Studium der Psychologie: bedingungslose Kapitulation vor der

Psychologie aktuell: Studium der Psychologie: bedingungslose Kapitulation vor der Maschinerie des getakteten Lehrplans
20-01-17
Studium der Psychologie: bedingungslose Kapitulation vor der Maschinerie des getakteten Lehrplans
Unbehagen an einem leidenschaftslosen Studium löste bei jungen Psychologinnen und
Psychologen eine neue Entwicklung aus: In mehreren Universitäten entstanden
Arbeitsgruppen für eine kritische Psychologie. In der aktuellen Ausgabe der Fachzeitschrift
"Psychologie & Gesellschaftskritik" stellen Akteure ihre Reflexionen und Aktionen vor.

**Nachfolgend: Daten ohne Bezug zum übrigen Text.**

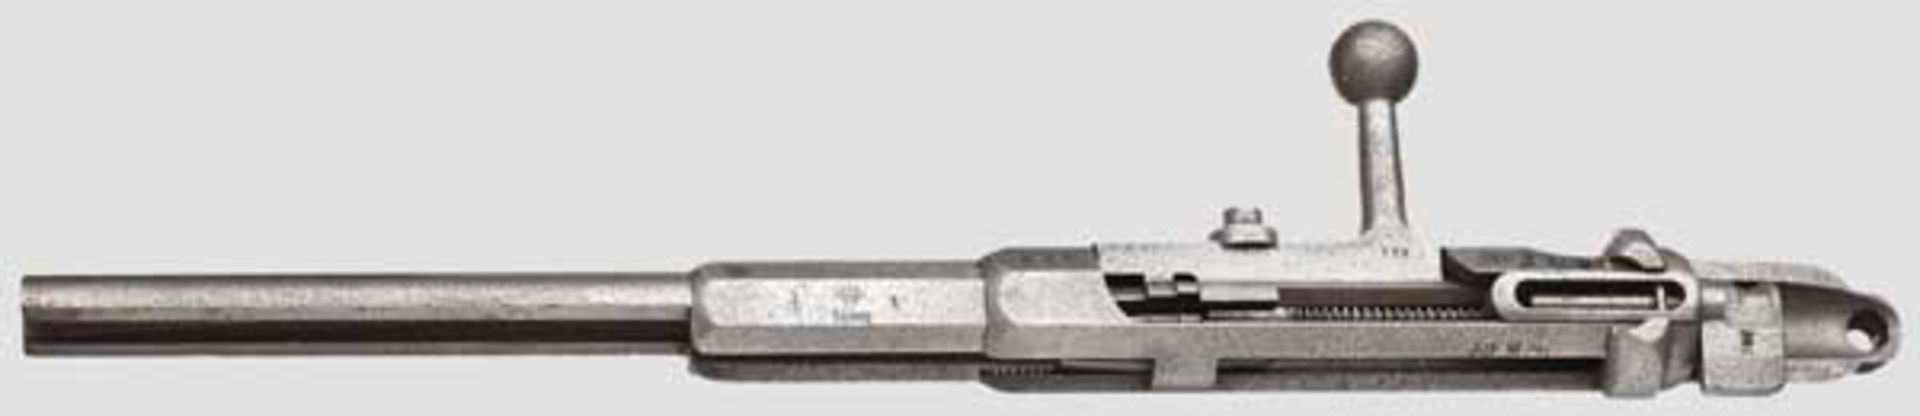 System-Schnittmodell Gewehr 71, Amberg Kal. 11 mm, Nr. 128. Laufwurzel gemarkt "A" für Ausschuss,

Charlotte Busch und Tom Uhlig schreiben: "Das bornierte Distinktionsbedürfnis der Psychologie
gegenüber den Nachbardisziplinen der Human- und Sozialwissenschaften, ihr paranoid verteidigter
naturwissenschaftlicher Standesdünkel, der pseudoexakte Methodenkanon und seine langweilige
Gleichförmigkeit, das Fehlen von intellektuellen Herausforderungen und die proklamierte apolitische
Haltung schlugen uns aufs Gemüt, bevor uns Möglichkeiten zur Verfügung standen, Kritik daran zu
artikulieren. Diese konsolidierte sich erst aus einer immanent kritischen Auseinandersetzung mit der
akademischen Psychologie, ihren blinden Flecken und erkenntnistheoretischen Schwachstellen."

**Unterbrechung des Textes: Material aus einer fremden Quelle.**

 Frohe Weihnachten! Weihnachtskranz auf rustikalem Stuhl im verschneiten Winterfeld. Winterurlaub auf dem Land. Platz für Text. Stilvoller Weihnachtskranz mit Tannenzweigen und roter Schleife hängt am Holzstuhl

"Die Methodenrezepte der Psychologie halten den eigentlichen Gegenstand vom Leibe und bieten
einen schützenden Raum, der dem Bedürfnis nach arbeitsmarktgerechter Integration entgegenkommt.
Es steht zu befürchten, dass das verschulte, anwendungsorientierte Studium und die Angst, fernab
der marktgängigen Psychologie nicht bestehen zu können, eine Generation von PsychologInnen
vergesellschaftet, deren Begriff von psychischen und sozialen Phänomenen sich im Erreichen von
statistisch-objektiver Reliabilität und der Vermeidung kumulativer Alpha-Fehler erschöpft.
Nicht nur beim Gros der Studierenden ist die bedingungslose Kapitulation vor der Maschinerie des
Psychologiestudiums zu beobachten; die meisten Lehrenden inkorporieren ebenso unhinterfragt ihre
Rolle als AgentInnen des Arbeitsmarkts und treiben mit Akribie die paradigmatische Geschlossenheit
des Fachs voran - nicht ohne sich dabei in Erinnerungen an die eigene, zumindest nachträglich als
rebellisch imaginierte Studienzeit zu ergehen: Oft nutzen die nunmehr arrivierten Studierenden von
68ff. die Gelegenheit, ihren Studierenden nicht ohne Wehmut mitzuteilen, man habe früher ja noch
ganz anders, selbstbestimmter und interessengeleitet, studiert, bevor sie sich wieder in den
Stundenplan eintakten, den sie selbst erstellt haben ..."
Psychologie & Gesellschaftskritik 3/2016. Schwerpunktthema: Autonomes Studieren?